1. 21
    1. 5

      As some one in the data processing and analytics field, a fan of array languages (including R), and dataframe geek, I’m very much in agreement that this topic is worth more investment. Also, if you’re like me and want to understand the presenter’s background on the topic, this is from Graydon Hoare, the creator of Rust.

    2. 2

      There’s a lot to say about using interpreted languages as sugar and glue around a high-performance kernel. I think the approach we see in Python/ML, for instance in Jax, would benefit to being generalised. These patterns apply beyond the specific use cases, and this talk does a great job at calling them out.

    3. 2

      There’s some good info here, and the conclusion that interpreters should take implementation influence from databases is probably worth repeating [1]. You could flip it around and say that interpreters are slow because their batch sizes aren’t 1 KB to 8 KB, as stated in one of the slides. The batch size for a Lua or Python ADD op code is more like 24 to 64 bytes :-P


      BUT, I disagree with the framing of vectorized interpreters as a third option to compiler vs. interpreters.

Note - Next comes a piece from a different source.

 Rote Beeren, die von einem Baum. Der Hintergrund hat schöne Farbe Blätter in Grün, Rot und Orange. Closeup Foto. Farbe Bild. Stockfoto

      It’s a language design issue, not a language implementation issue (acknowledged in 1 or 2 slides, but he didn’t provide much light into language design)

      I mean he pointed out that the most popular interpreter in the world – CPython – already makes use of the technique – SOMETIMES. Basically for NumPy and Pandas.

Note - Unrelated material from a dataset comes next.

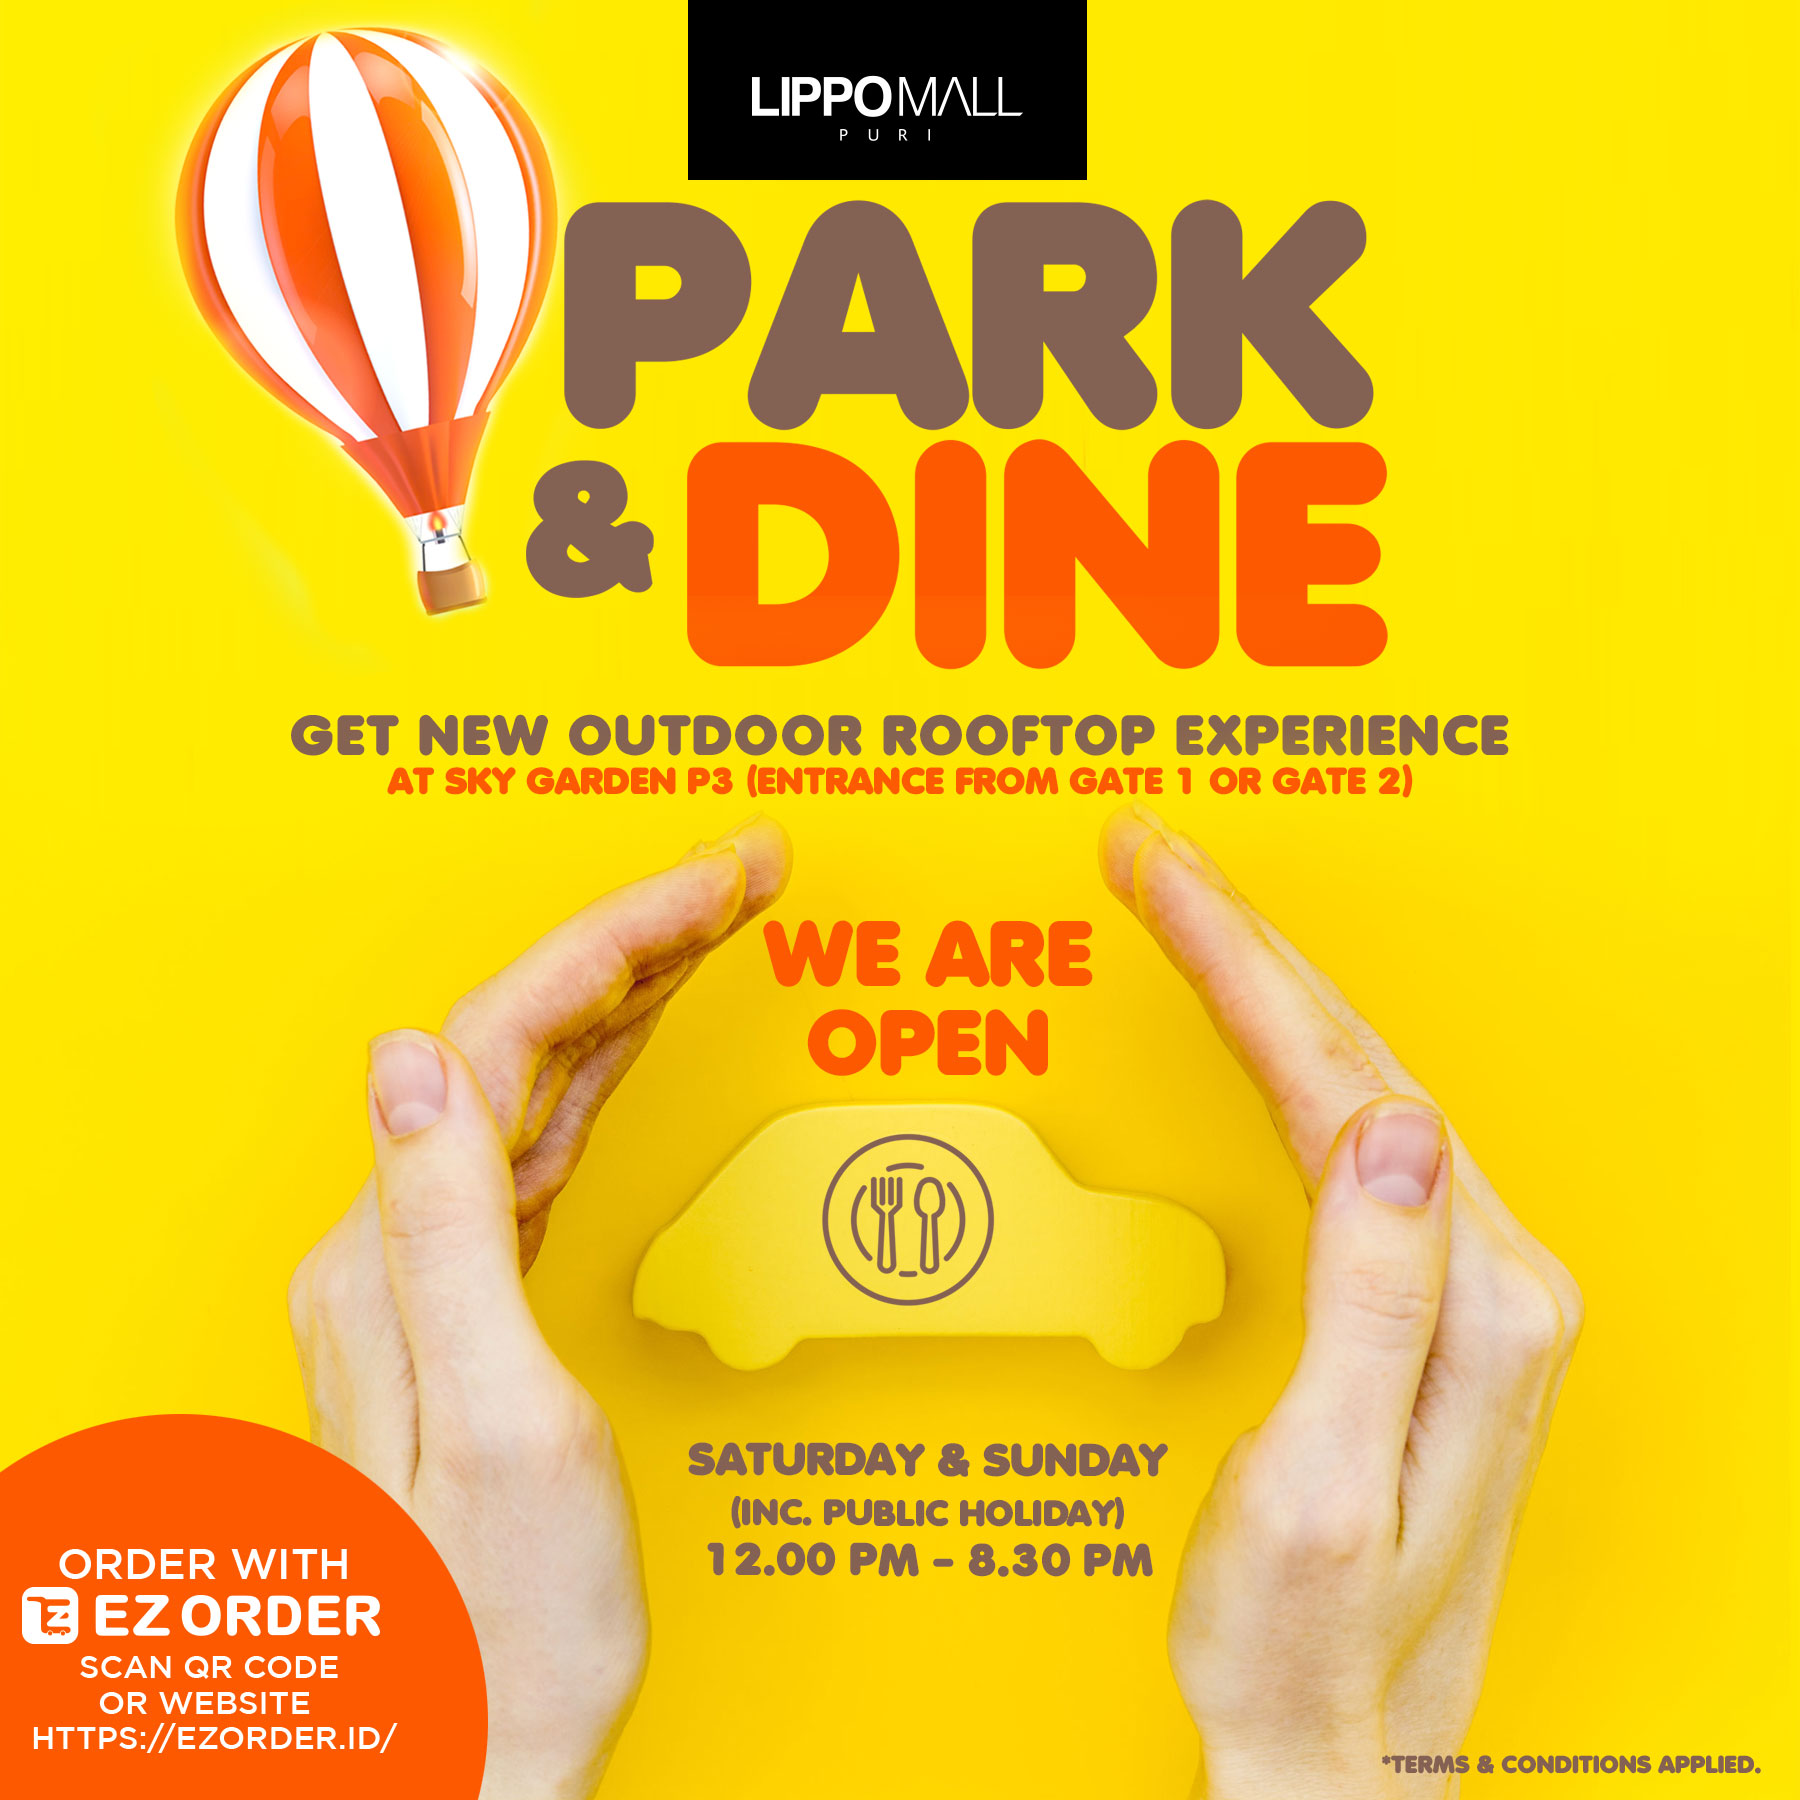 Park & Dine Promo in lippo mall puri st. moritz

      So I don’t really get what’s actionable here – you can already do this. But it means convincing your users to think in terms of 1 KB to 8 KB batches to get optimal performance. And maybe coaxing them through language design to do so.

      I don’t think that will happen more than it’s already happened.

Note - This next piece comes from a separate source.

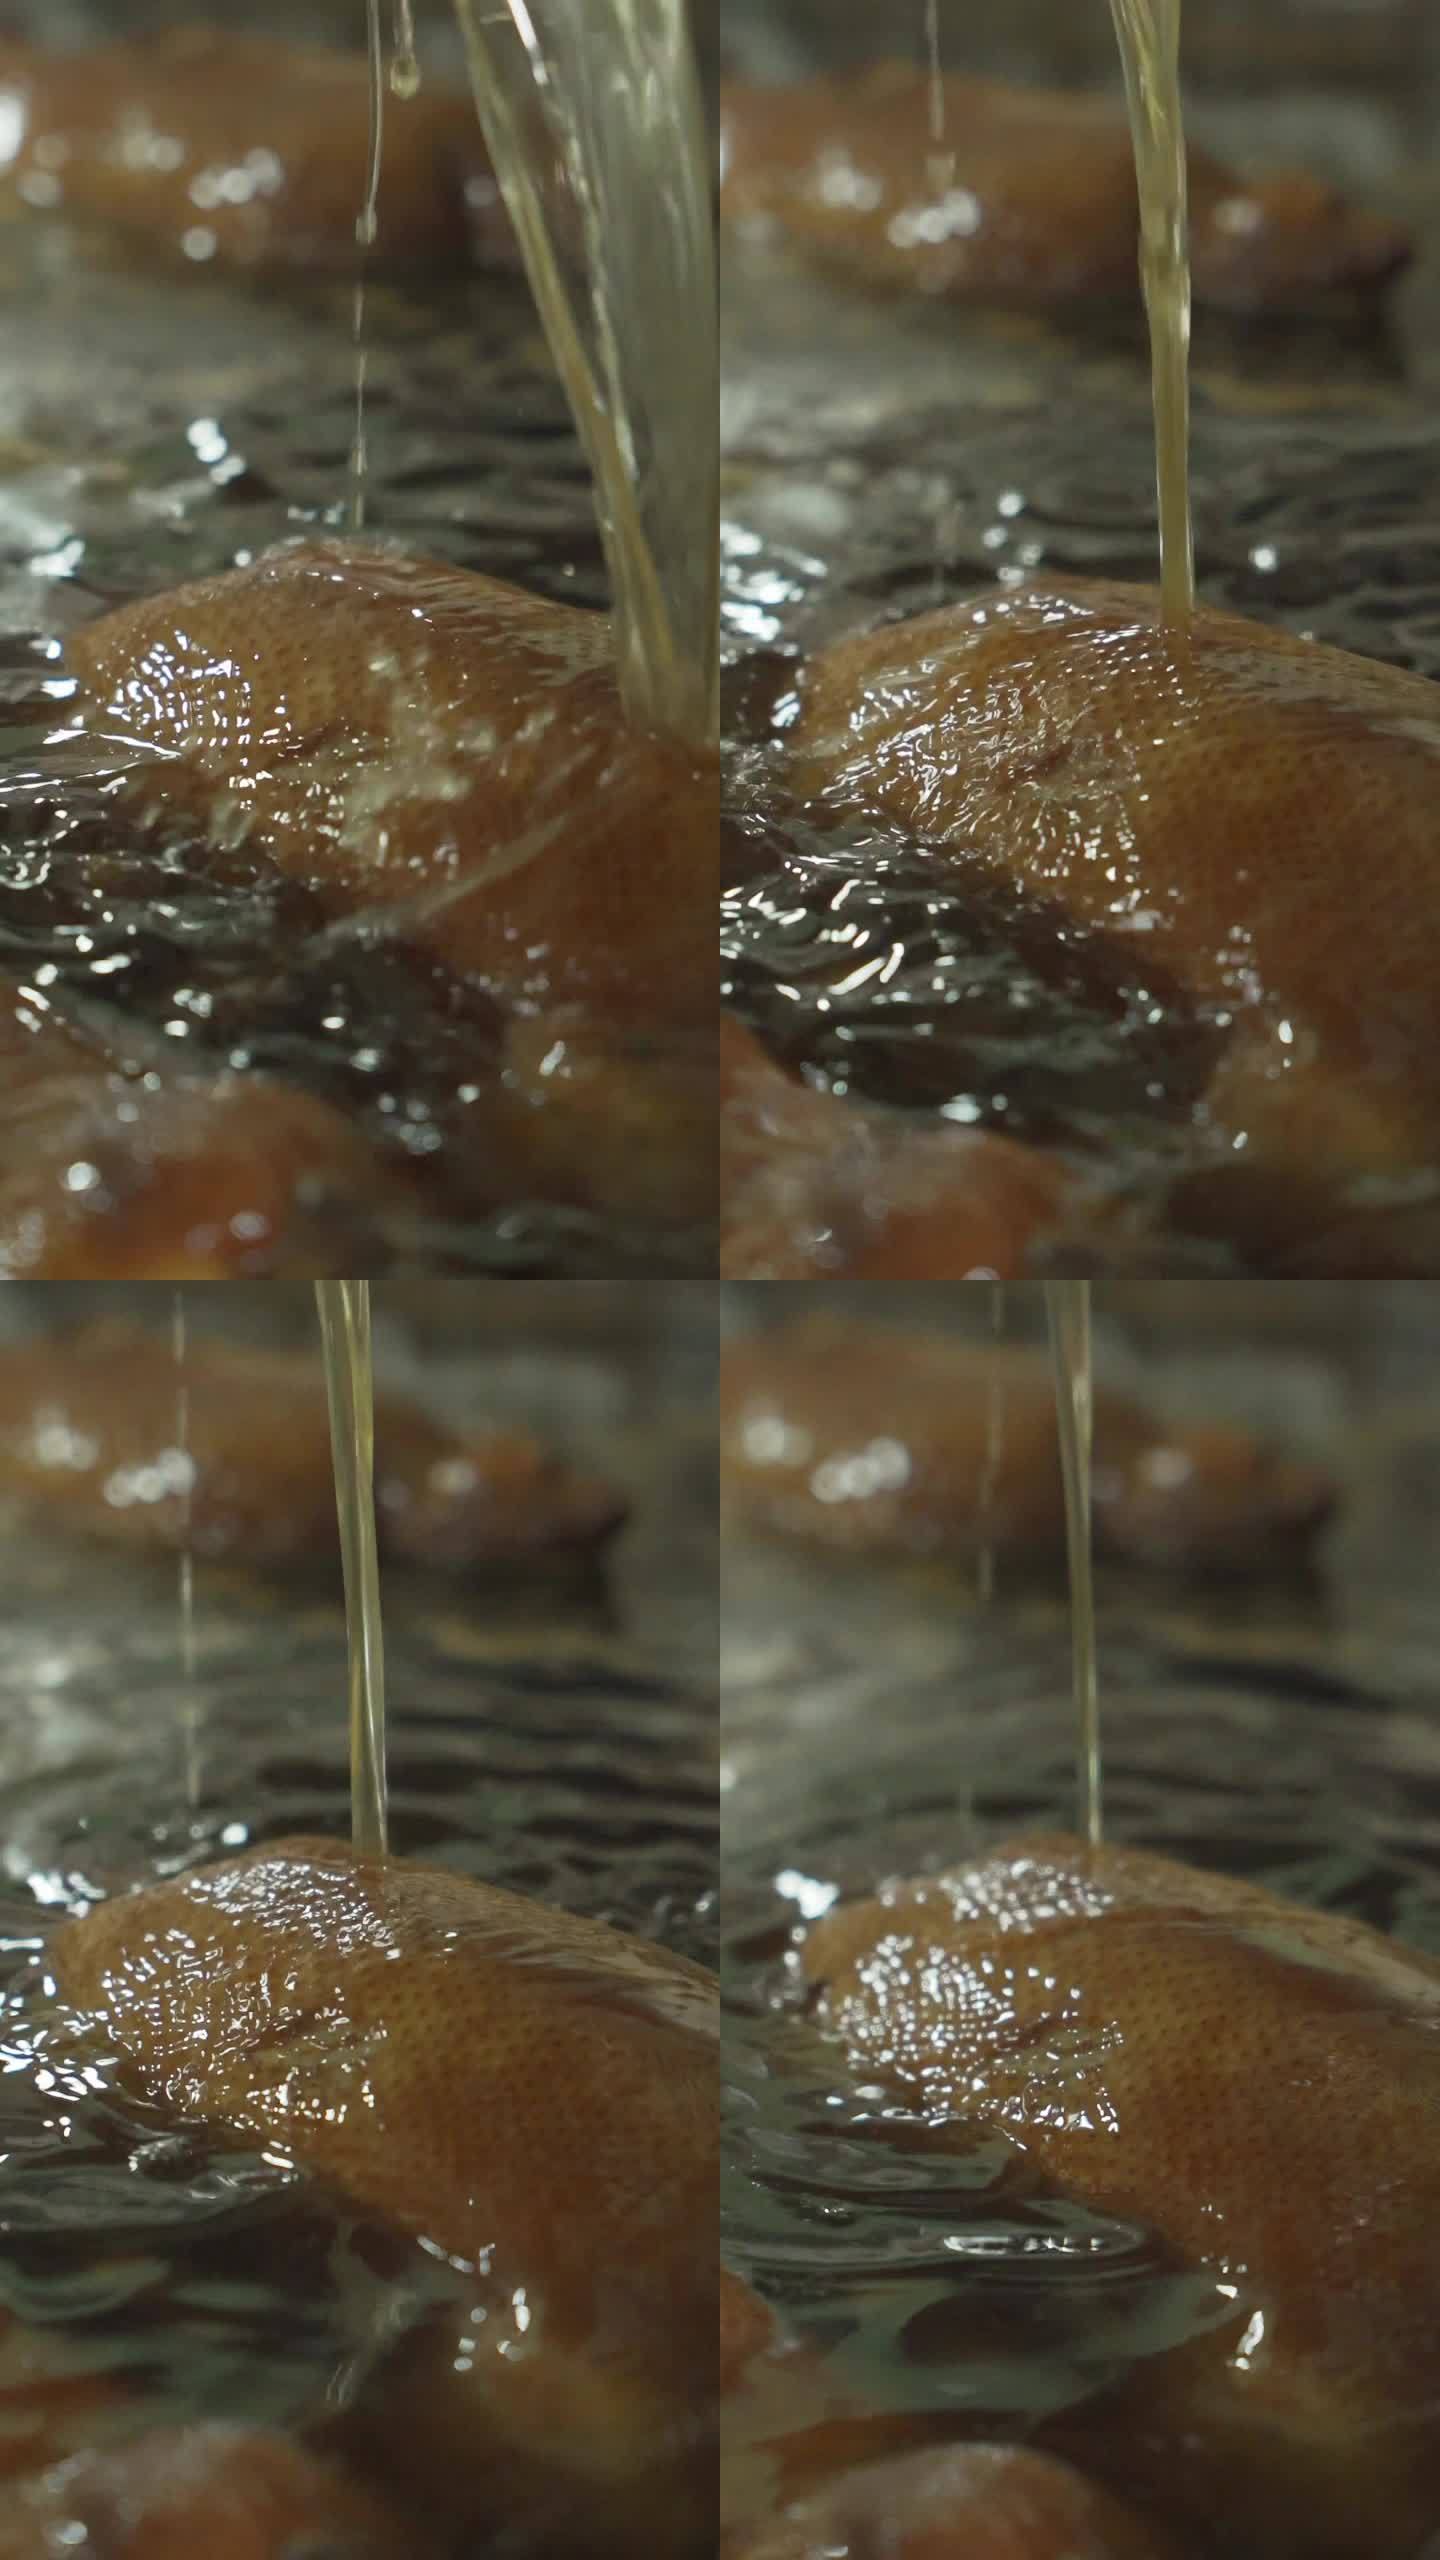 狮头鹅卤鹅工厂滴油淋汁卤汁生产过程分镜

      I would propose a challenge: rewrite the Django template language in a vectorized style (or equivalent Ruby ERB, etc.) You can maybe do a little bit better, but those languages are working on trees, not flat arrays. They are also working on variable sized strings, not ints and floats that line up nicely. This is inherent in the language design, and also extremely useful for users.

      Templates are sort of representative of what front end server processes spend a lot of time doing, when they’re CPU and memory bound (which they often are in interpreted languages).

      Another way to state the hypothesis: can languages can be divided into control plane (the pipelines) and data plane (the vectorized operations, which may potentially be reodered, etc.) ?


      There was also a language invented ~10 years ago for scientific computing that rejected vectorized interpreters, and specifically aimed to get rid of the two language problem that plagued Python:

      https://juliadatascience.io/julia_accomplish

      The “Two-Language Problem” is a very typical situation in scientific computing where a researcher devises an algorithm or a solution to tackle a desired problem or analysis at hand. Then, the solution is prototyped in an easy to code language (like Python or R). If the prototype works, the researcher would code in a fast language that would not be easy to prototype (C++ or FORTRAN). Thus, we have two languages involved in the process of developing a new solution.

      To be clear, to develop a new algorithm, you often cannot do it quickly in pure Python or R – you will have to drop down into C or Fortran to create new vector operations.

      So Julia’s solution is basically their unusual compilation model involving “type stability”. You can write nested for loops – that’s explicitly encouraged – the language compiler will understand all of that globally, not force you to split it into two levels for speed.

      I’m surprised that the slides didn’t address optimization across that boundary, or loop fusion. I think Julia has loop fusion because even if you write in vectorized style, you can be producing a lot of memory traffic for trivial batched operations.

      Graydon was very complementary of Julia when it came out:

      https://graydon2.dreamwidth.org/189377.html

      Julia’s a descendant of Dylan. A really, really good one.

      Julia has all the tidy signs of Lisps: it’s easily syntactically extensible, highly interactive, reflective, open, but also built around a solid, minimal, very clearly defined semantics that admits efficient compilation. This latter part is important: many people are drawn to Julia for its speed, and that speed is primarily a result of a very well thought out implementation of multimethods. These are the core design abstraction in the language, and Julia’s done great work here. I encourage anyone who’s bothered to read this far to read Karpinski’s recent presentation or, if you have the time, the full original Julia paper from 2012. It’s an absolute delight.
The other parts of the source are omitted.